L’intento del regista (non proprio un giovanotto, con alle spalle tanto cinema e televisione, nonostante qui alla prima prova in completa autonomia) e degli sceneggiatori, lo stesso Salvi e Luca Biglione, è quello di miscelare la comicità da ‘cinepanettone’ con la più classica commedia all’italiana. Il risultato è un ibrido, dove le battute non sono proprio monacali, ma neppure pecorecce alla De Laurentis, e il lato, diciamo drammaturgico, più che il canovaccio narrativo sembra una pausa dalla risata. Peccato, perché i momenti privi di gag sono ben riusciti.

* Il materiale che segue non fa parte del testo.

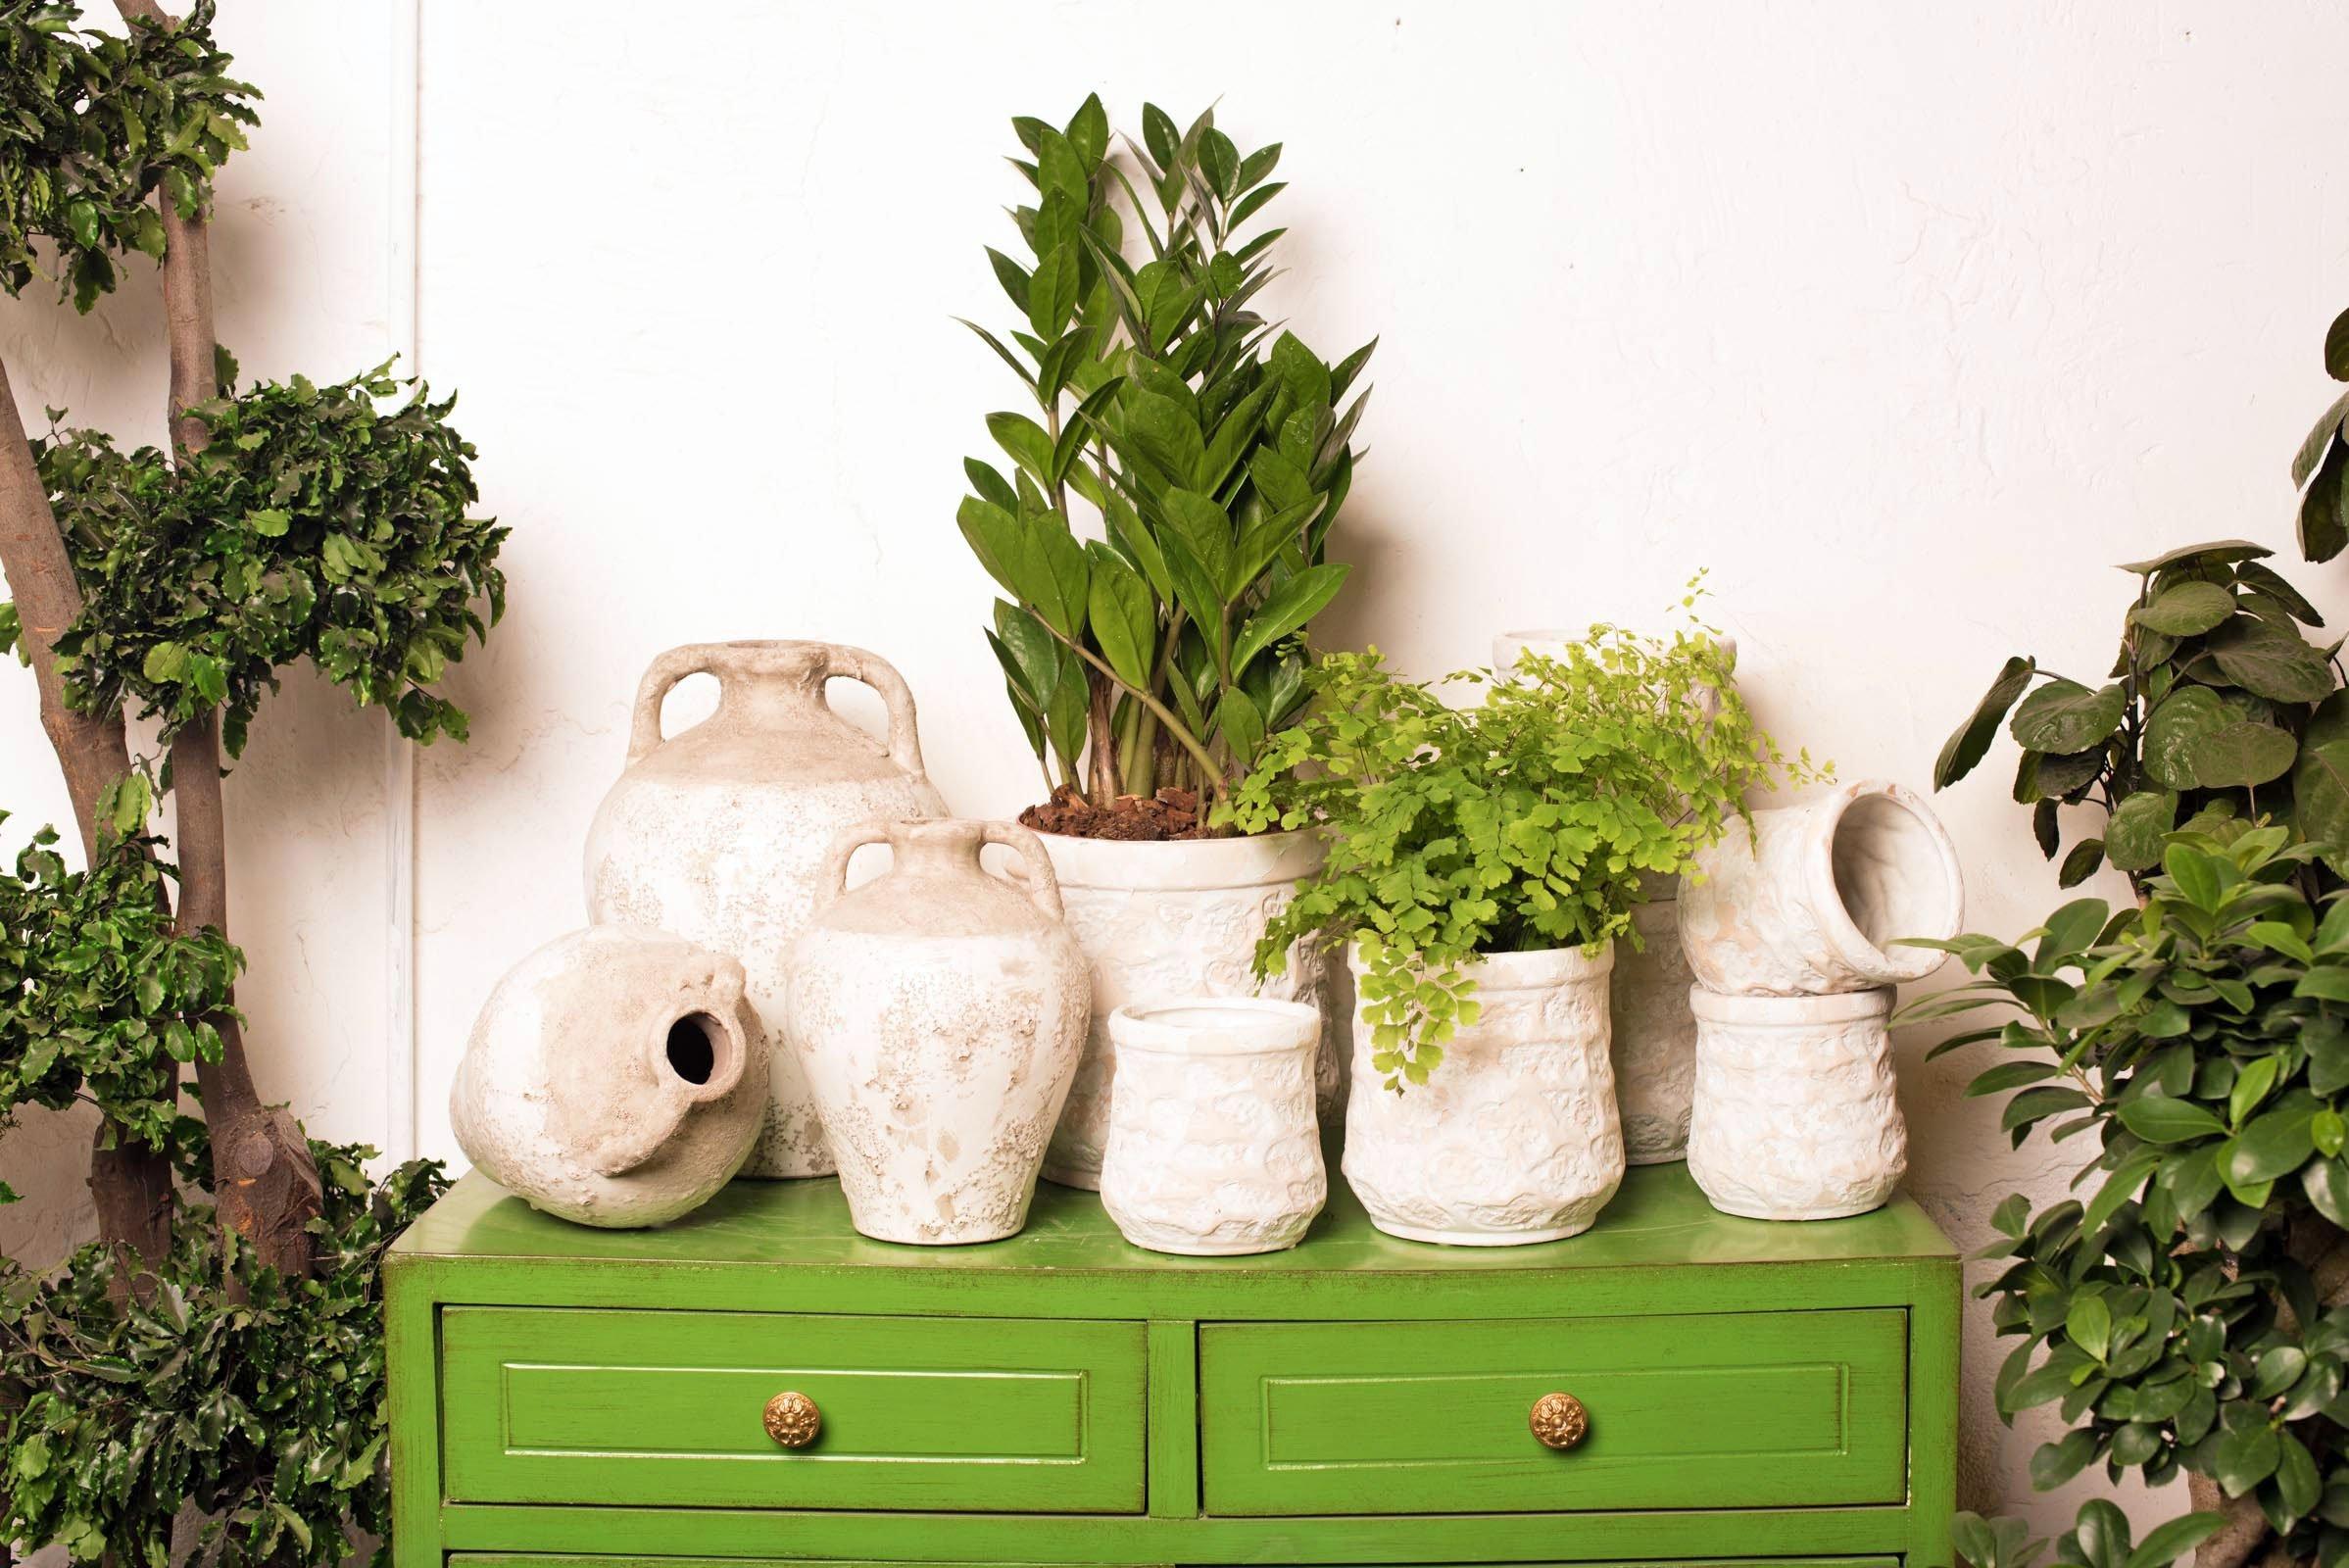 Mueble verde con macetas y Plantas - Margarita Se Llama Mi Amor - Floristería en Madrid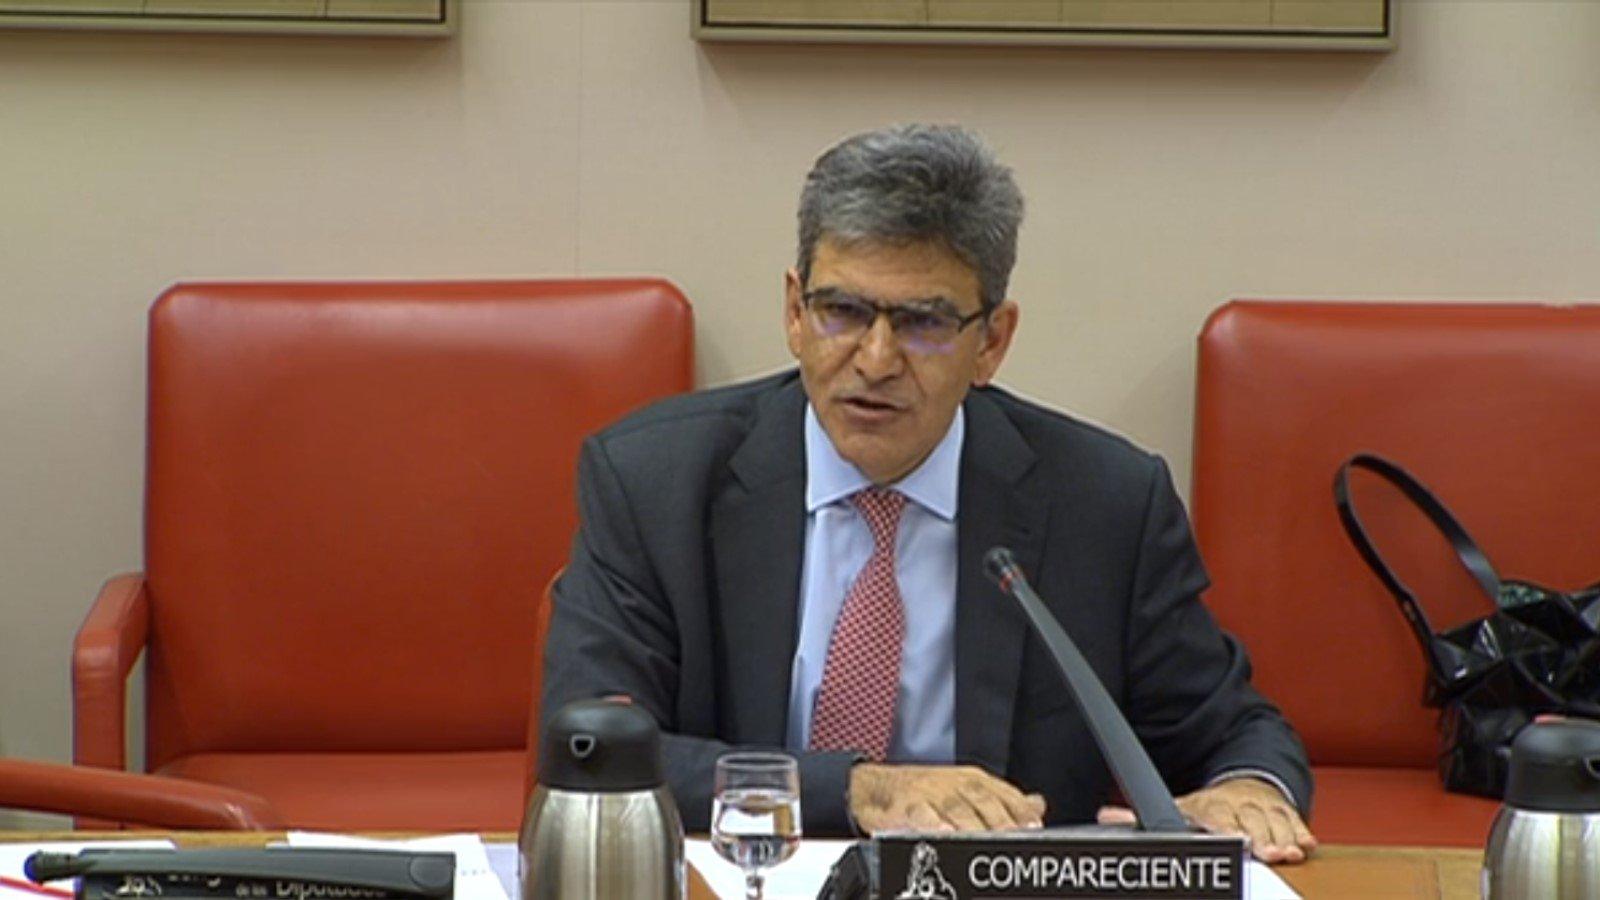 El CEO del Santander, José Antonio Álvarez, aseguró en el Congreso que no se llevará el banco fuera de España.

Rimane lodevole il tentativo di far ridere allontanandosi dalla più becera comicità natalizia, che la fa da padrona al box office oramai da decenni. È anche perdonabile che a un regista al suo esordio cinematografico, con poca esperienza in campo di commedie, non sia riuscito perfettamente il connubio tra gag pura e racconto. È un po’ come quello che ha voluto fare Tinto Brass seppur in un campo ben diverso della cinematografia, coniugando il porno col racconto sentimentale, ottenendo un genere erotico tutto nostrano. La paura è che come dei film di Brass si ricordano solo tette e chiappe, qui si ricordino solo le battute.

Il cast poi non è proprio strepitoso, almeno su quello non dovevano sperimentare. Emerge su tutto la notevole capacità recitativa del Battista, noto al pubblico televisivo e a quello teatrale, qui alla seconda prova cinematografica, dopo l’esordio con Pupi Avati ne “Il figlio più piccolo”. Si muove nella pellicola con molta disinvoltura, e grande simpatia, il suo Angelo è uno che dalla vita ha collezionato solo batoste, ma non ha perso lo spirito.

Il film è rivolto alle famiglie, che possono andare al cinema in tutta serenità, senza nulla a pretendere, è leggerissimo, strappa la risata, parlando d’amicizia e del non arrendersi al destino gramo.